= Requirement =
Your output should be the lines below from the one with "Download Architectural Structures" through the one with "Brockworth Primary Academy", copied exactly, pictures excluded.

= Data extract =
———

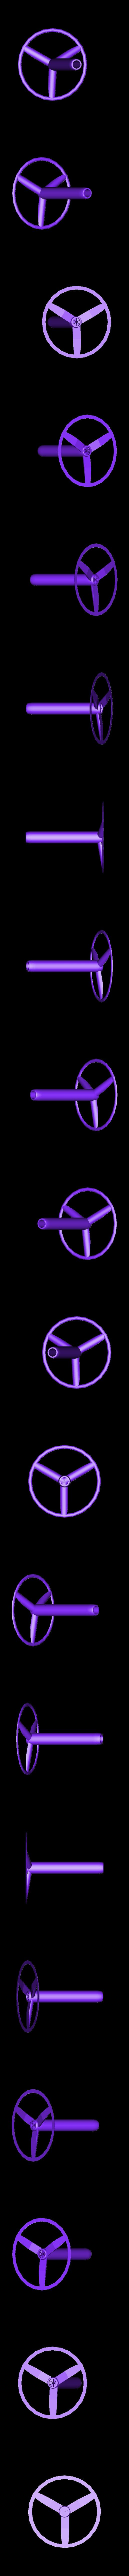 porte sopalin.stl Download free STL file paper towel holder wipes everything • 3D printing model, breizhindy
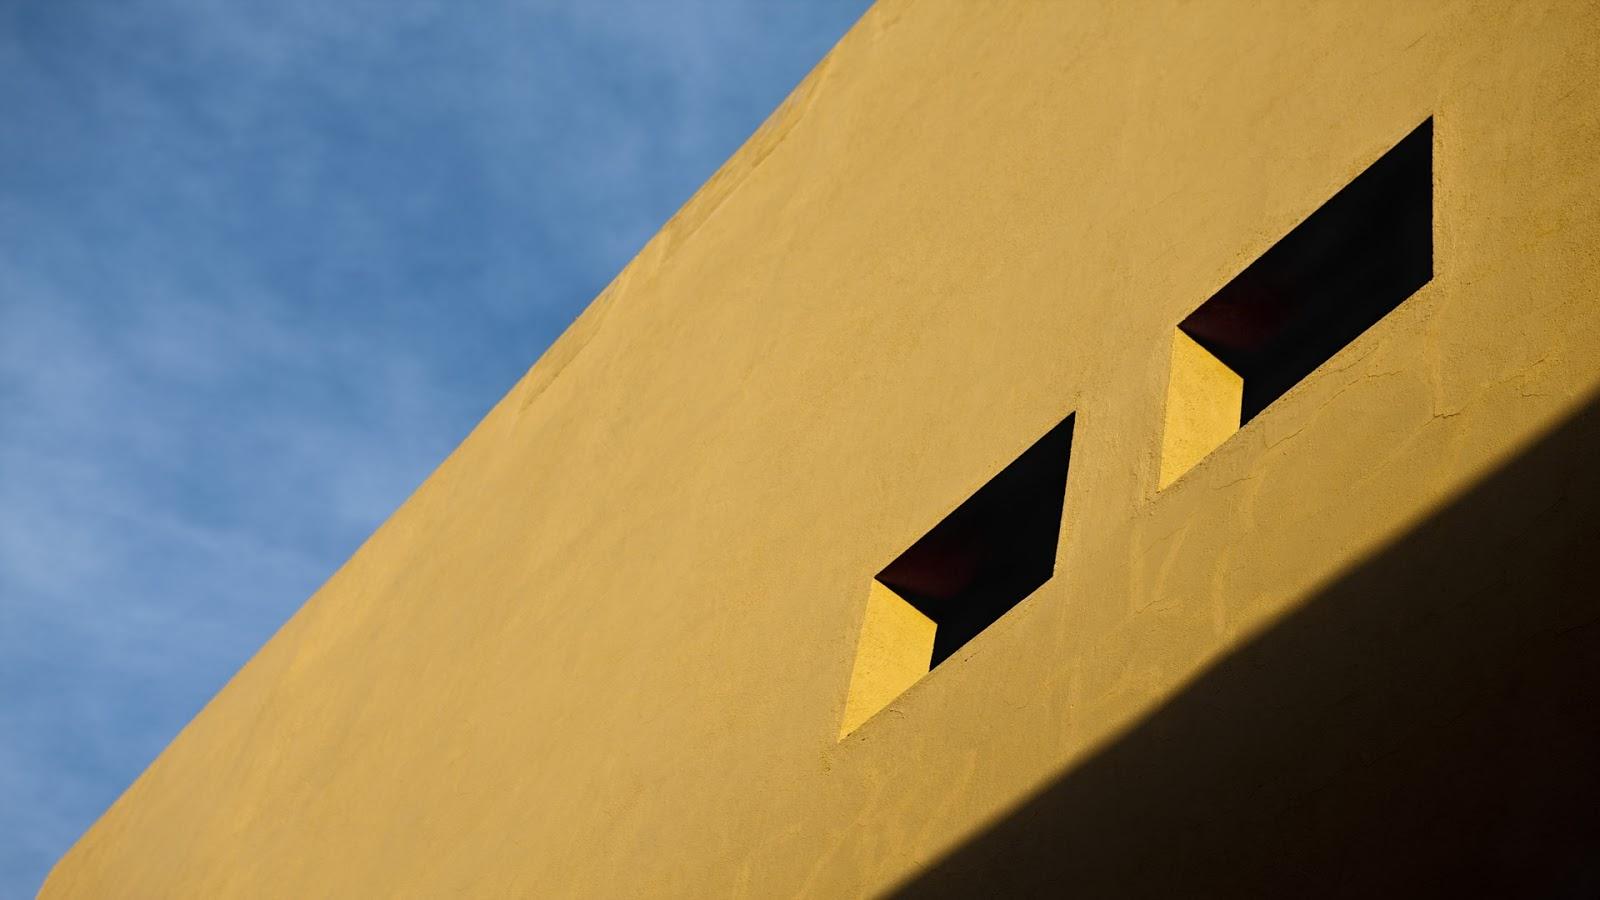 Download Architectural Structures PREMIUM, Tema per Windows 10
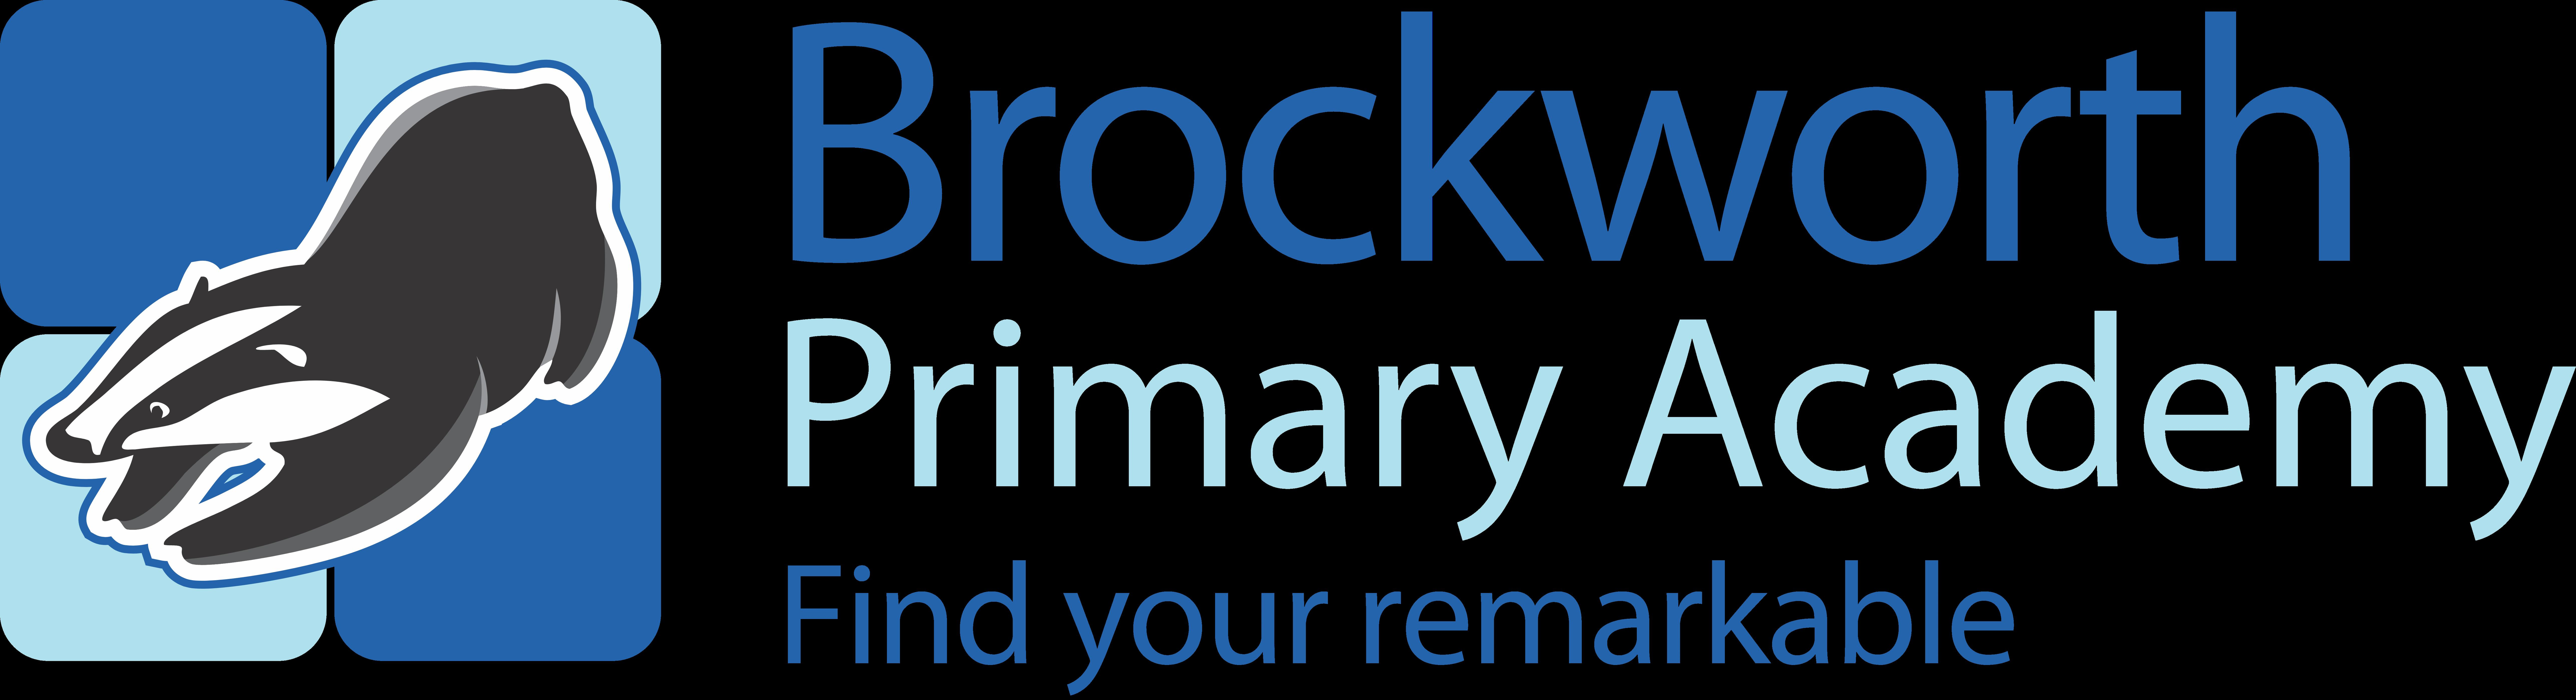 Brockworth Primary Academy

———

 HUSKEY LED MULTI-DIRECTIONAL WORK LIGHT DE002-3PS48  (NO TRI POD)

———

= Result of the task =
 Download Architectural Structures PREMIUM, Tema per Windows 10
 Brockworth Primary Academy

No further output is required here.